This summer, the Consumer Financial Protection Bureau issued a rule that prevents financial companies from using arbitration clauses to deny groups of consumers the ability to pursue their legal rights in court. We put this rule in place after conducting a comprehensive study that found that these clauses were effectively blocking billions of dollars of relief for millions of harmed consumers. Opponents of our rule are now doing everything they can to prevent these protections from taking effect.
The latest effort is outlined in a recent column by Keith Noreika, the acting comptroller, which is his second gratuitous attempt to undermine the evidence that supports our rule. Both times he has relied on so-called analysis that is simply embarrassing.
{mosads}He first went out of his way to opine on our rule when he claimed, out of the blue, that it threatened the safety and soundness of the banking system. His agency had consulted with us repeatedly through the rule writing process without raising such objections. Yet he abruptly asserted that the banks were existentially threatened by this simple rule, which does not even ban arbitration in consumer disputes.
Instead, it simply prevents mandatory pre-arbitration clauses from blocking consumers from banding together to pursue their legal rights in court. People can still opt out of group lawsuits if they want to pursue their claims on their own, and they can agree to arbitrate individual disputes on a voluntary basis.
We pointed out the farfetched nature of those claims at the time. The total costs of the arbitration rule are pegged at under $1 billion per year, compared to bank profits of $171 billion last year and an asset base of many trillions of dollars. The acting comptroller ultimately stood down and decided not to challenge the rule before the Financial Stability Oversight Council.
Now he presents a new claim that the rule will impose high costs, in the form of a 3.43 percent increase in credit card interest rates, on consumers. This claim is demonstrably bogus. Based on an analysis that our economists have produced, the claim rests on a rudimentary statistical error of confusing the inverse of a p-value with the probability that a hypothesis is true. In laymen’s terms, this claim is the equivalent of flipping a coin twice, having both come up heads, and declaring that the coin is “very likely” to have heads on both sides. It does not hold water.
His claim that the arbitration rule is expected to cause a 3.43 percent increase in credit card rates also flunks basic economics. As part of a 2009 settlement, some large firms covering a significant part of the market stopped using arbitration clauses. The data did not show this led to any jump in the rates they charge to consumers or that they have been charging much higher rates than their competitors ever since.

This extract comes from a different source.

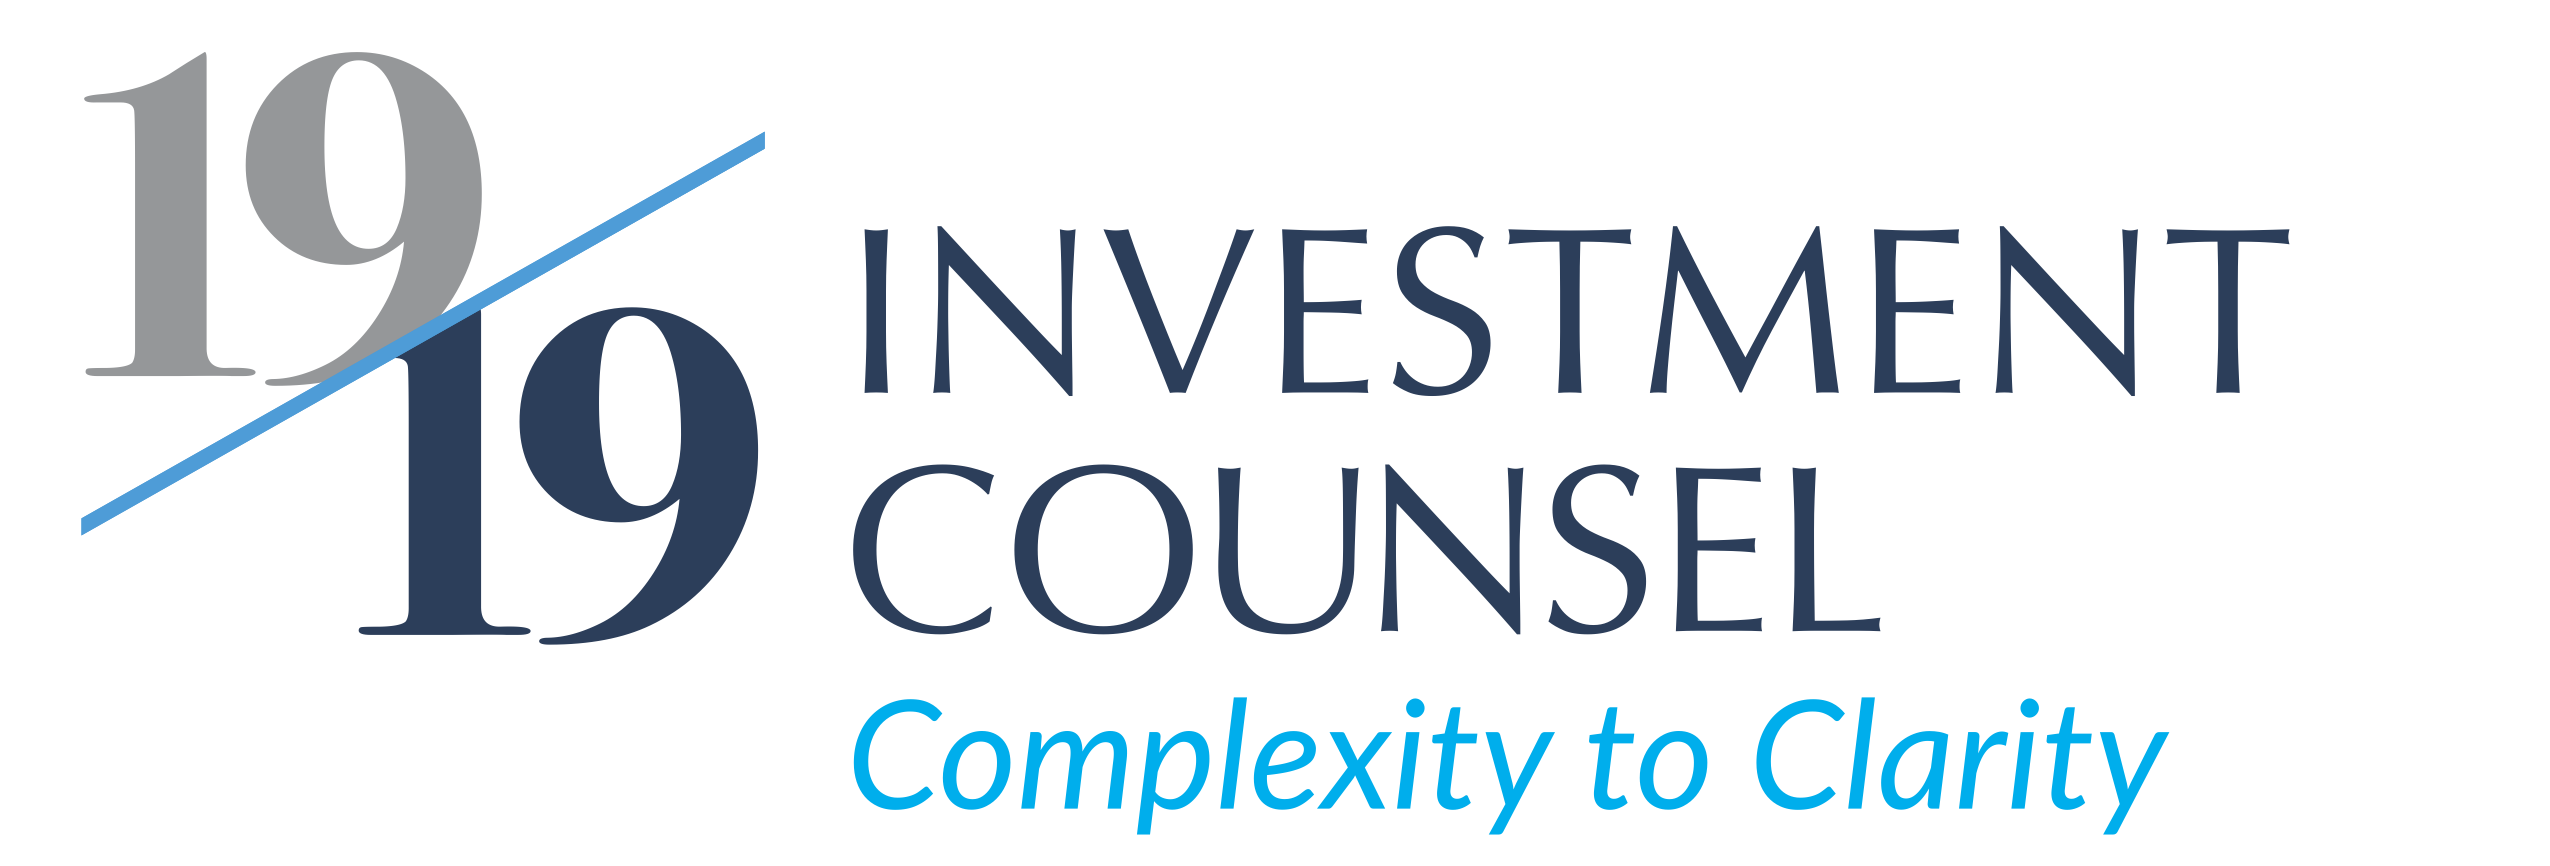 1919 Investment Counsel

In fact, the orders imposed by the lawsuit expired years ago and none of the companies has reinstituted an arbitration clause, which suggests they are at no tangible competitive disadvantage and are not suffering any significant loss of profits. He also incorrectly claims there is no evidence that banks will change their behavior if they are more likely to be sued. When banks were sued for reordering bank debits to charge more overdraft fees, or for manipulating foreign currency conversion fees, many banks changed their practices accordingly.
The acting comptroller’s claim that the arbitration rule is somehow harming community banks and credit unions is also plainly wrong. Over 90 percent of the community banks and credit unions we studied do not even have these clauses in their checking account contracts. Our analysis showed that community banks and other small businesses had a less than one in 1,500 chance of a new class action due to the rule. They are focused on relationship banking and great customer service, not on blocking group lawsuits.
A tremendous effort is being made to shift the focus away from the large companies most affected by the arbitration rule. But recent scandals make it hard to defend denying justice and relief to groups of people who have been wronged. Why should Wells Fargo be able to block groups of customers from suing over fake accounts? Why should Equifax be able to force people to surrender their legal rights when the company put their personal information at risk?
While most small institutions do not use arbitration clauses, they do file group lawsuits. Like consumers, they often lack the resources to engage in legal battles against big companies. Just last month, a credit union filed a group lawsuit on behalf of all credit unions against Equifax for damages caused by the data breach.
Big companies do it as well. Ironically, the Chamber of Commerce, a staunch opponent of the arbitration rule, has now sued to block it, banding together on behalf of many companies to keep consumers from banding together to assert their own rights in the courts. The fight thus will now be decided in the courts and need not be decided in the Senate. Wherever it is decided, however, the acting comptroller’s errant claims have no legitimate part to play in the ultimate determination.
Richard Cordray is director of the U.S. Consumer Financial Protection Bureau.